The Trump administration has launched a direct assault on medical research, by drastically slashing the research funds for academic research across all disciplines.
The massive cuts to the National Institutes of Health (NIH) have been the focal point of reporting on these cuts to research funding, but if these cuts go through, they will disrupt the entire model for research in the United States.
Ever since the Second World War, the federal government and state governments have partnered with research laboratories, hospitals, and universities to share the costs of fundamental and applied research in all disciplines. The cost-sharing model is based on the federal government providing “indirect” costs to laboratories and universities that have to build laboratories, offices, and infrastructure to provide space for conducting research. Cost-sharing percentages are contractually negotiated between labs, universities, and federal agencies.
This research model has made the United States the leader of research in the entire world.

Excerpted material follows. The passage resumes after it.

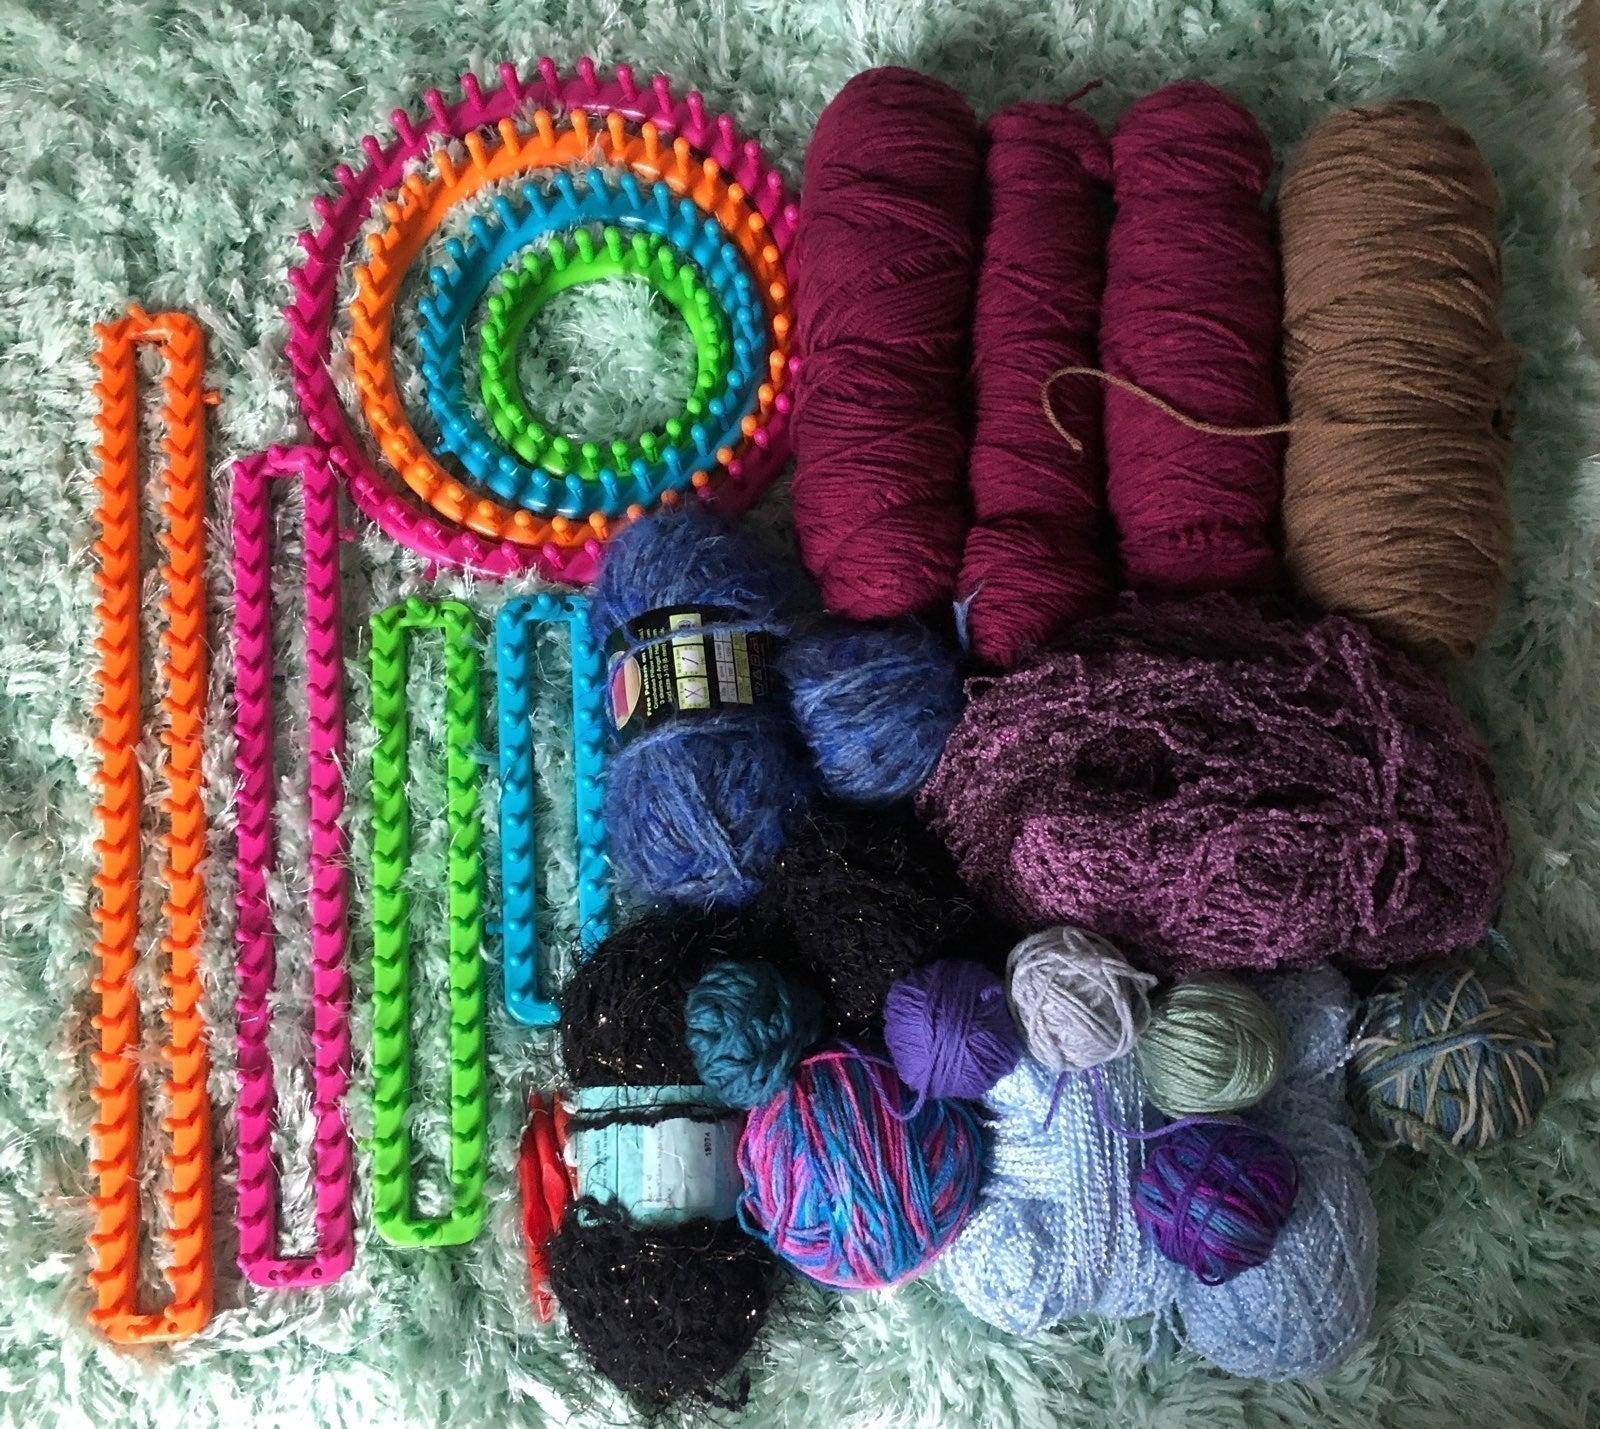 Knitting Looms and Yarn

Curtailing federal research funding will halt most medical and scientific research, which rely on massive funding to construct laboratories and instrumentation. Research in psychology, sociology, anthropology, and other social sciences will also be heavily disrupted. Research on the humanities, arts, and education will be less directly affected, since their universities receive much smaller, if any, “indirect” costs.
However universities’ internal small research grants and awards for grant development, summer research, graduate training, graduate research in all disciplines are funded by cost-sharing models. So, these will also be cut.
These cuts do not represent cost-saving measures. Instead, they represent an attempt to torpedo the entire research model of the United States. This is one front in a Culture War on science and knowledge being waged by politicians and business owners.
WAMU’s A1 News Program offers a good discussion of how the cuts to research funding will affect medical research.

“The U.S. National Institutes of Health, or NIH, is the largest funder of biomedical research in the world.
“Last year, the agency put more than $32 billion towards trying to better understand cancer, genetics, and infectious diseases. That’s according to a New York Times analysis of agency data. It also helped fund the mRNA technology that led to the COVID-19 vaccines.
“In short, these grants bolster our scientific knowledge and help protect us. But that funding is under threat.
“Earlier this month, the Trump administration announced plans to seriously cut scientific spending. And thousands of employees across federal health agencies like the NIH and the Centers for Disease Control were laid off over the weekend.
“A federal judge ordered the Trump administration to temporarily pause its plans, but what could this loss mean for the future of science and medical research in the country?”
WAMU’s 1A reports on “Scientific Method: What NIH Funding Cuts Mean for Medical Research” (19 February 2025).